Dear All,
I have a relative simple question but I don't know how to solve this. I want to change a SAM file to a BED file. The only thing is that I need to have a BED file with an extra column telling me how many times the tag mapped to a genomic position. The first column is the sequence, and the second column tells how many times a the sequence is present in the file. For example sequence GGGGGGGGG is present 6 times in the file on different locations.

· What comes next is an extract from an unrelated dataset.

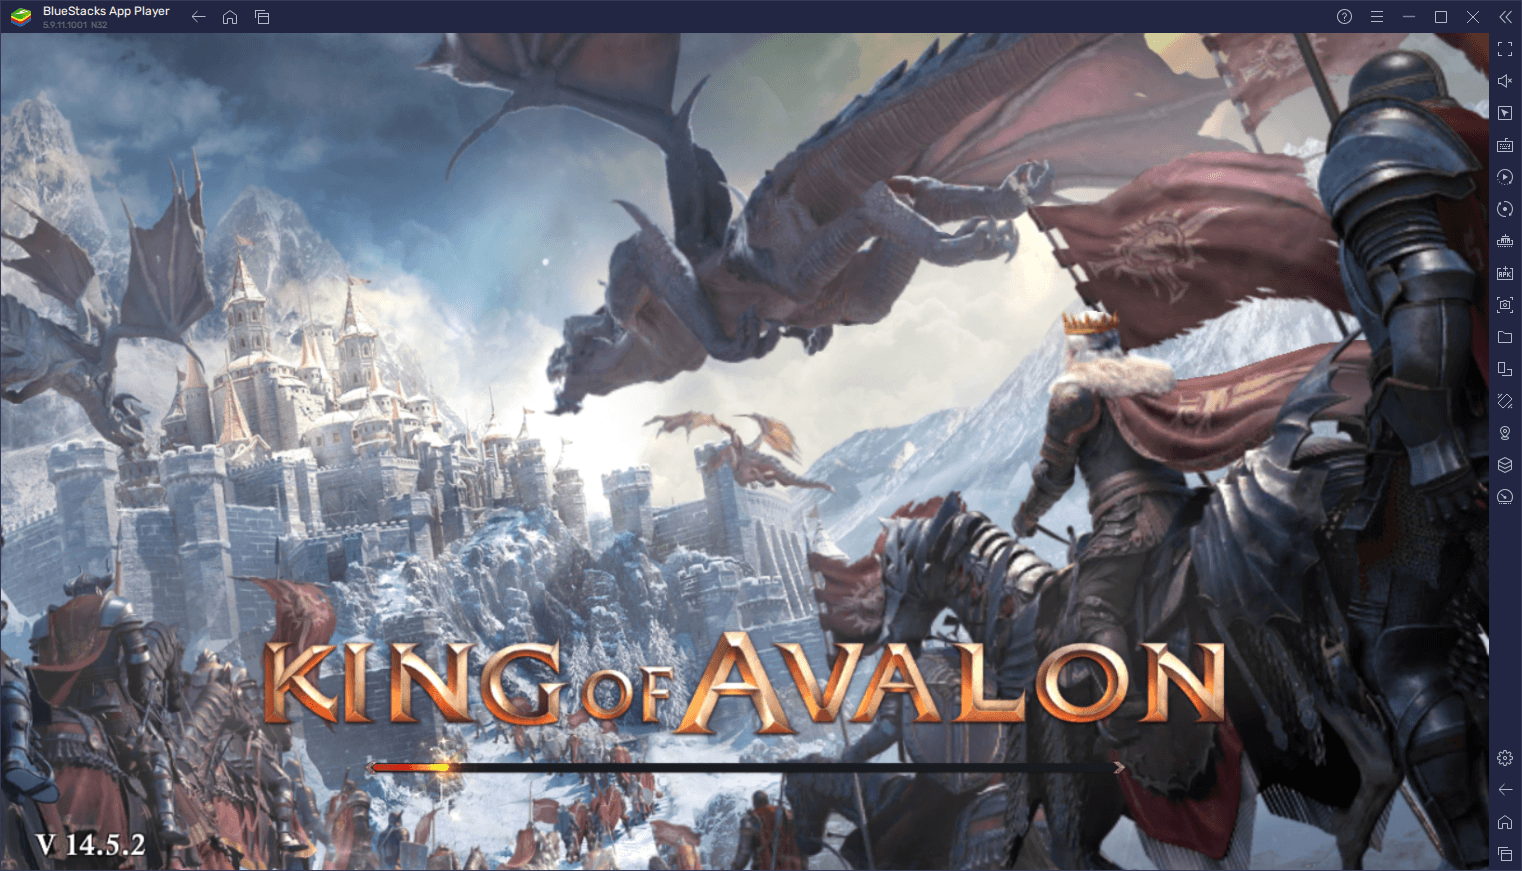 How to Play King of Avalon on PC With BlueStacks

#ID locations chromosome strand start end count
AAAAAAAAA 1 chr12 + 105579297 105579321 1
AAAAAAAAB 1 chr8 + 95642182 95642206 1
GGGGGGGGG 6 chr13 + 66975161 66975185 1
GGGGGGGGG 6 chr13 - 72592620 72592644 1
GGGGGGGGG 6 chr14 - 46332831 46332855 1
GGGGGGGGG 6 chr19 - 32540873 32540897 1
GGGGGGGGG 6 chr1 - 113777719 113777743 1
GGGGGGGGG 6 chr2 + 70297183 70297207 1
would you provide the patterns (e.g.: 'GGGGGGGGG') as an argument of the program ?
Dear Pierre Lindenbaum, Yes you are right. I think change SAM to BED is an useful first step. After that, I need a kind of counter that count how many of each #ID is present in the file and add that to the file.